Tigard voters have thrown a spoke in the wheel of a possible new light-rail line through Southwest Portland to Tualatin.

Unofficial tallies from Tuesday's special election show Tigard voters passed a ballot initiative requiring public approval for any light rail or bus rapid transit project through the city.

The initiative has passed by 5,066 votes to 4,846 votes—a margin of 220 ballots—with all precincts reporting.

That vote, a victory for suburban light-rail opponents, effectively blocks regional government Metro from creating a Southwest Corridor High Capacity Transit line along Barbur Boulevard—a project that could cost as much as $1.6 billion and include drilling a second train tunnel through the West Hills under Oregon Health & Sciences University.

That plan is crucial to Portland officials. Mayor Charlie Hales and City Commissioner Steve Novick both made fundraising phone calls to fight the ballot initiative.

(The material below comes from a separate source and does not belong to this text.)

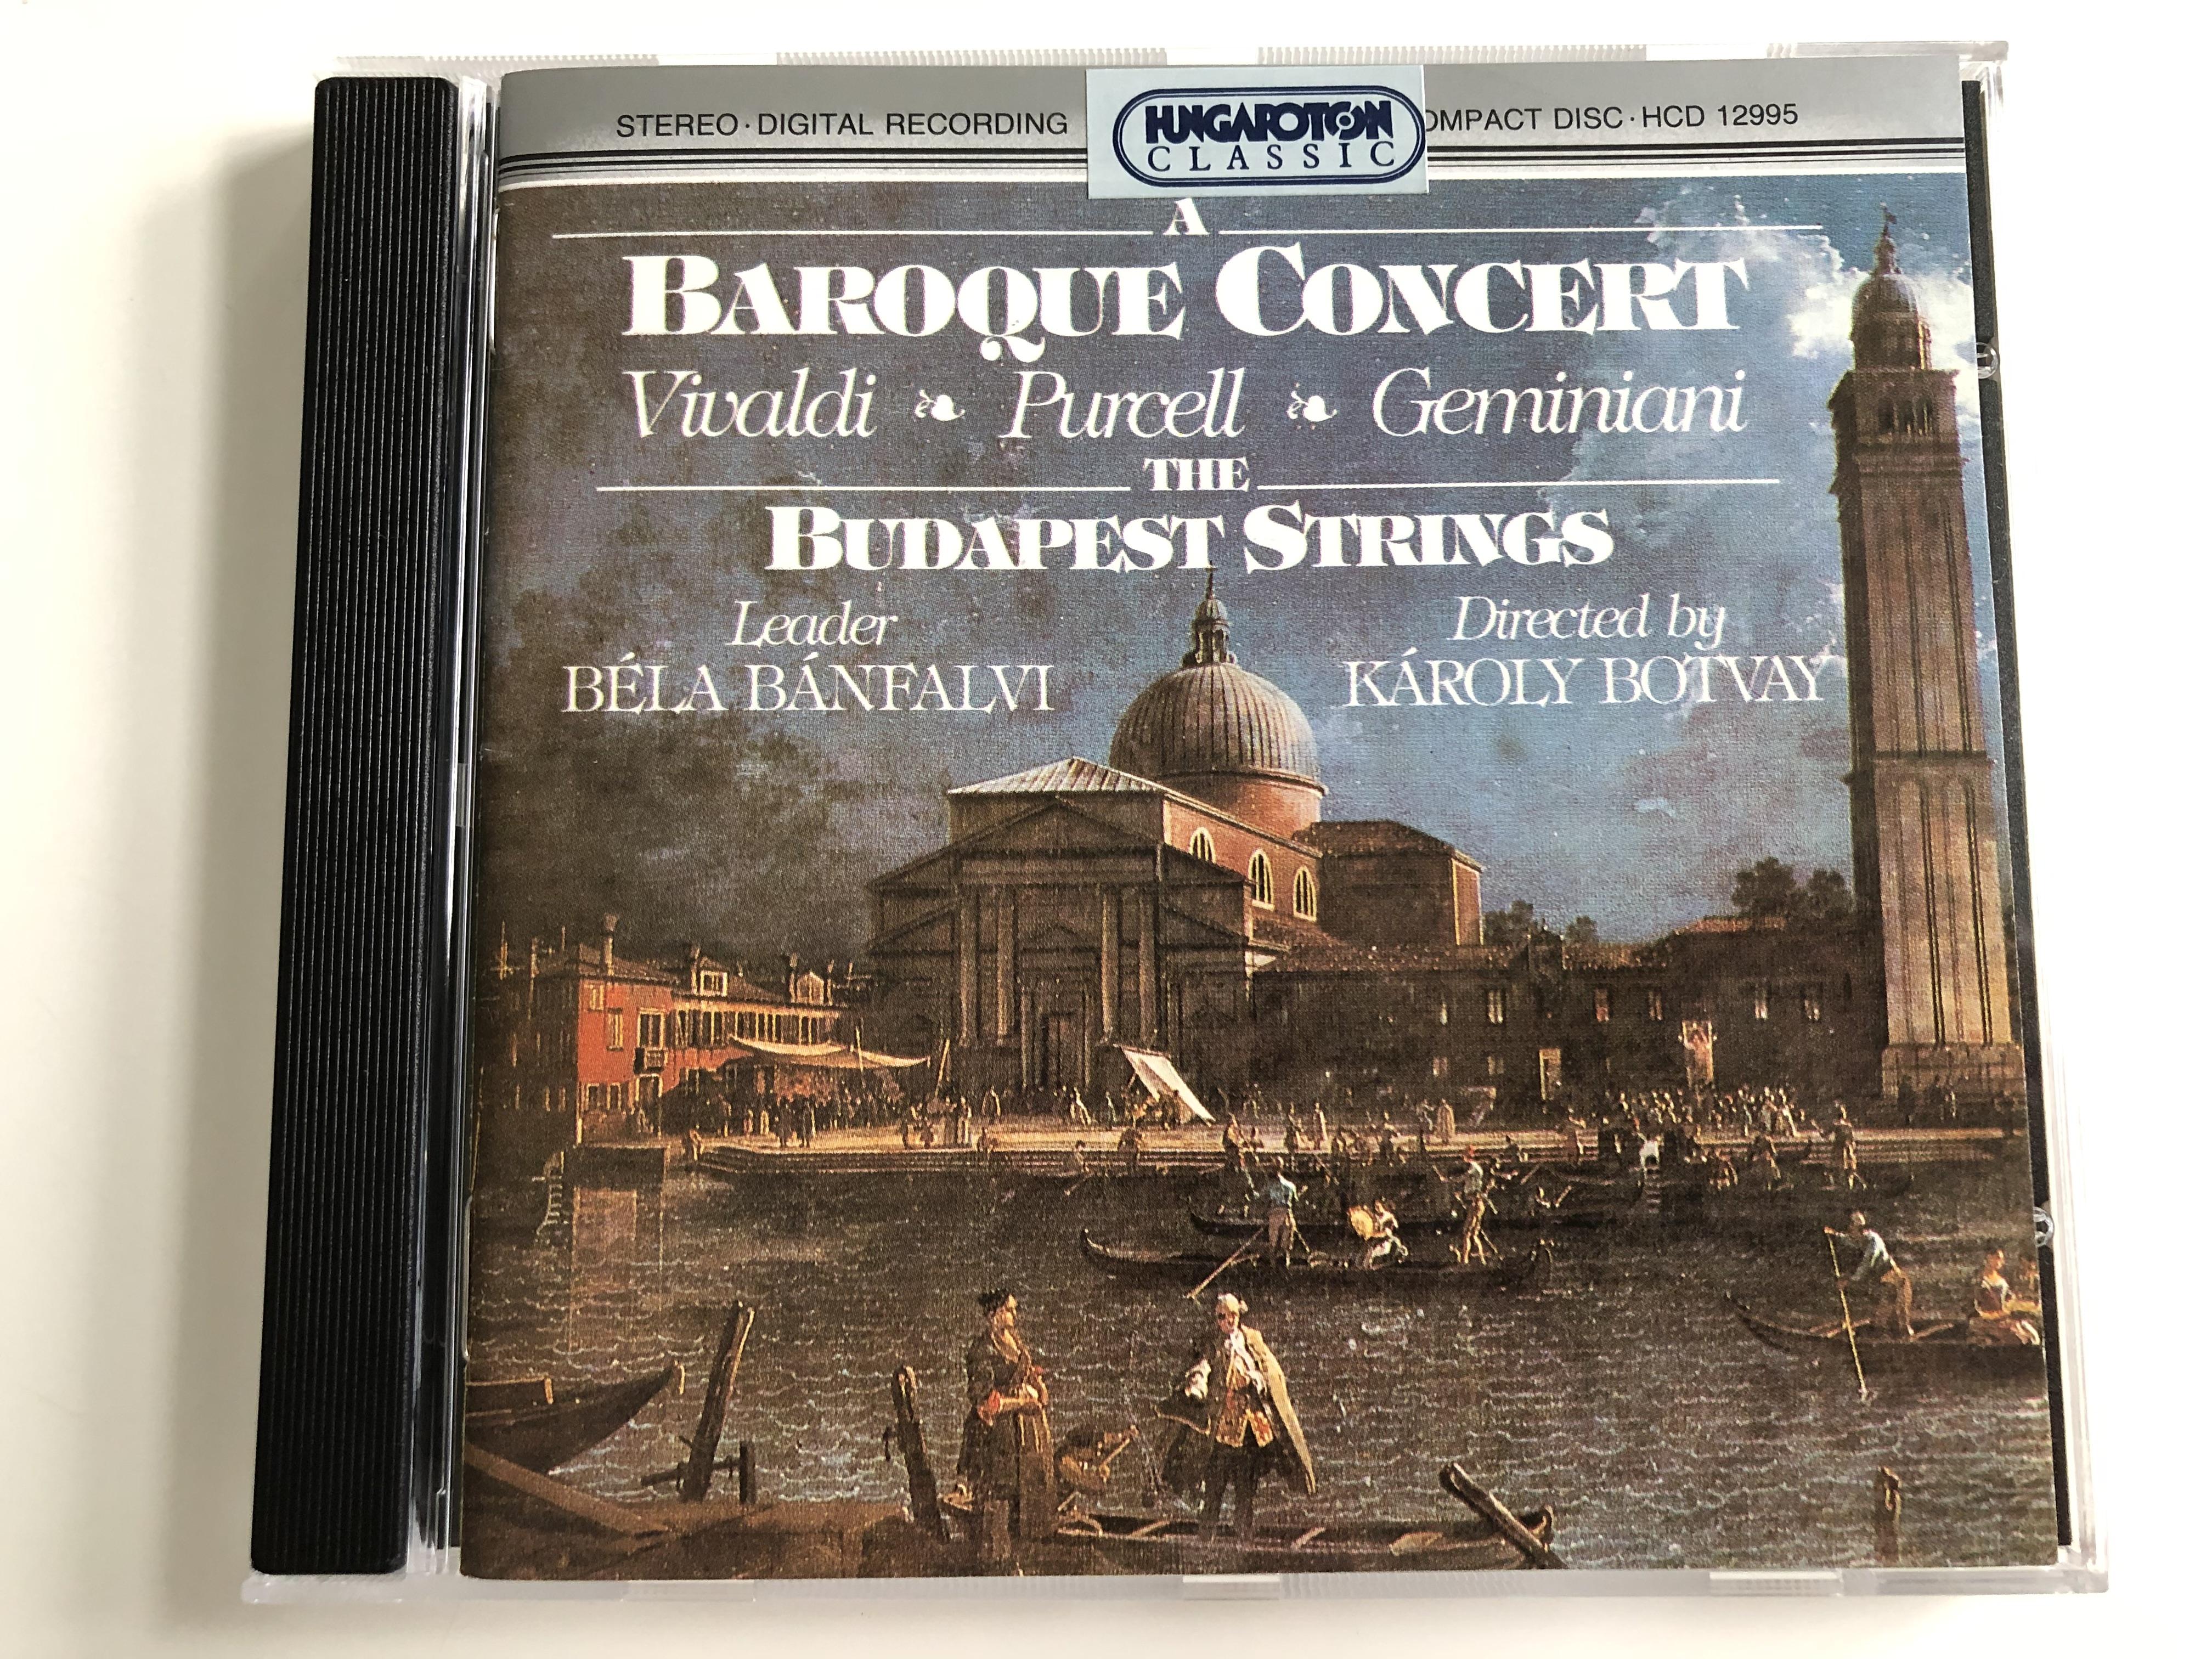 a-baroque-concert-vivaldi-purcell-geminiani-the-budapest-strings-leader-b-la-b-nfalvi-directed-by-k-roly-botvay-hungaroton-audio-cd-1995-stereo-hcd-12995-1-.jpg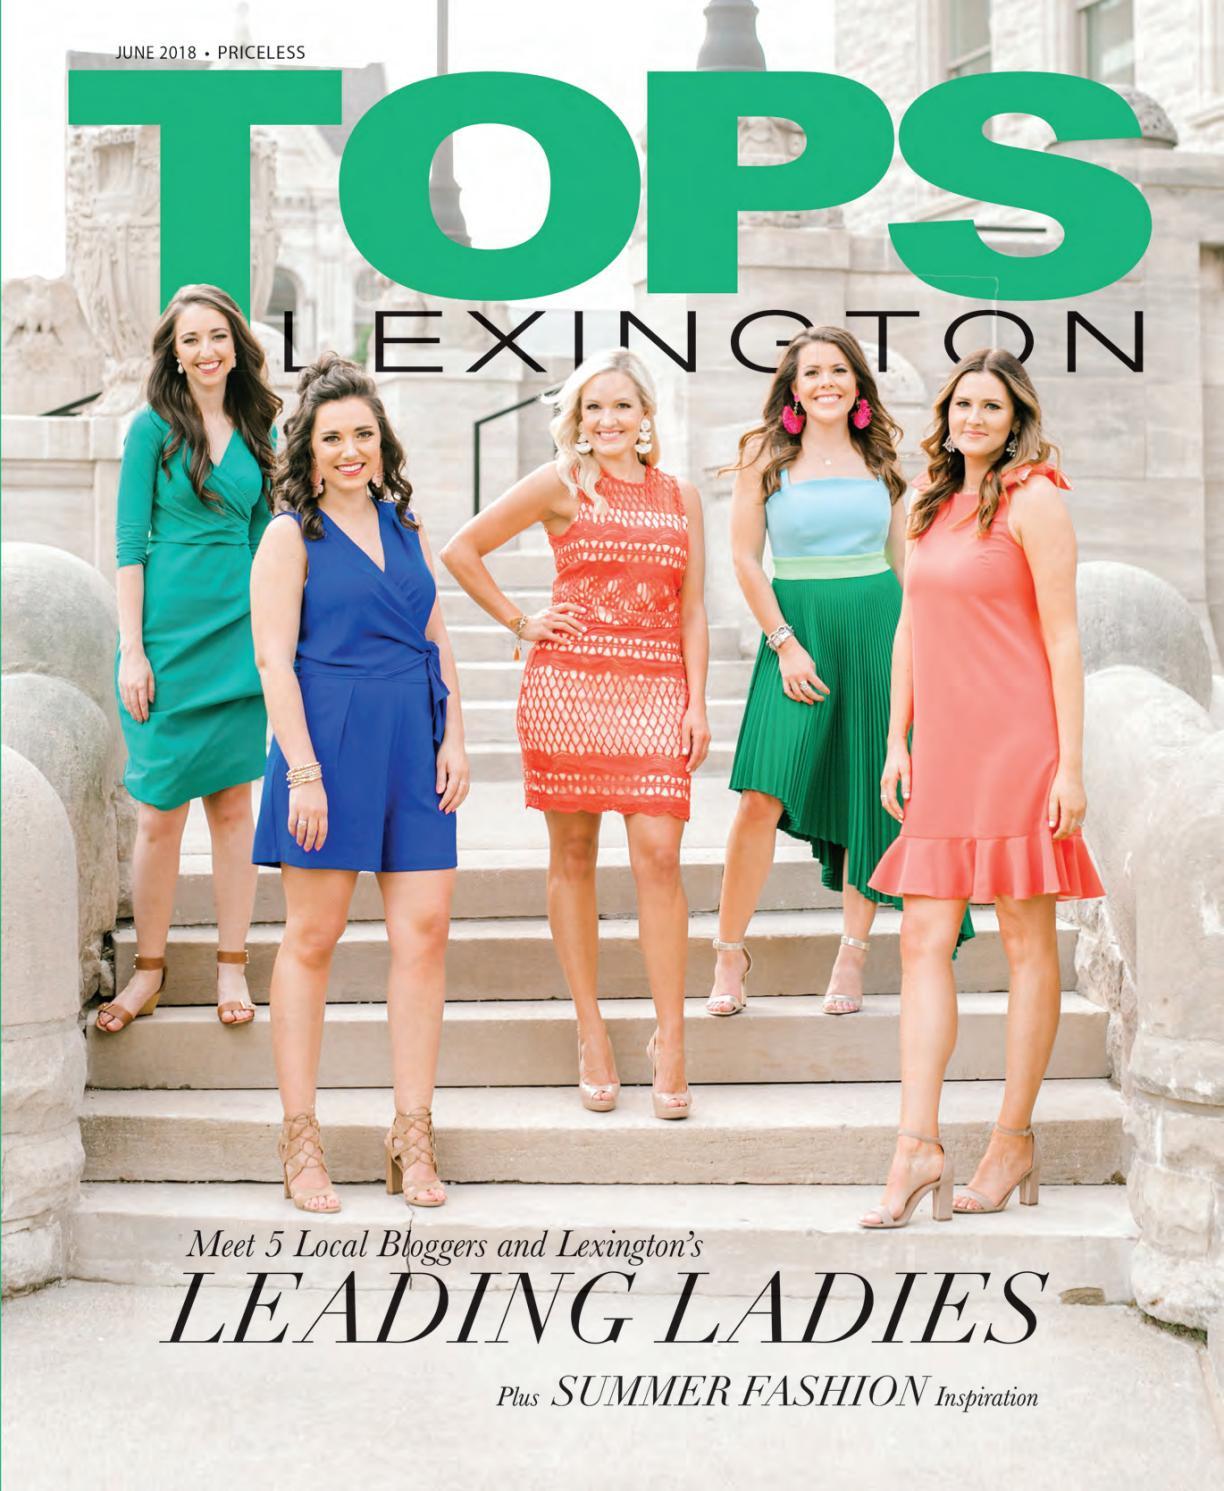 98070f708de71e Tops in Lexington - June 2018 by TOPS Magazine - issuu

"Do I have a dog in the fight? I've got a poodle, a schnauzer and a Great Dane," Novick told WW last month. "We can't have a rational transportation system that's not regional."

Metro is already asking Portland to contribute funds to study the environmental impacts of that rail or bus line. The effect's of Tuesday's vote on that study—and its funding—still aren't clear.

"We're all trying to figure that out," Novick now tells WW. "I need to have conversations with our regional partners—mayors (including [Tigard] Mayor Cook), Washington County, Metro, TriMet—about this before I do any elaborating."

Hales' office declined comment today on the Tigard election results, citing Wednesday's police shooting and Friday's "State of the City" address as more pressing matters.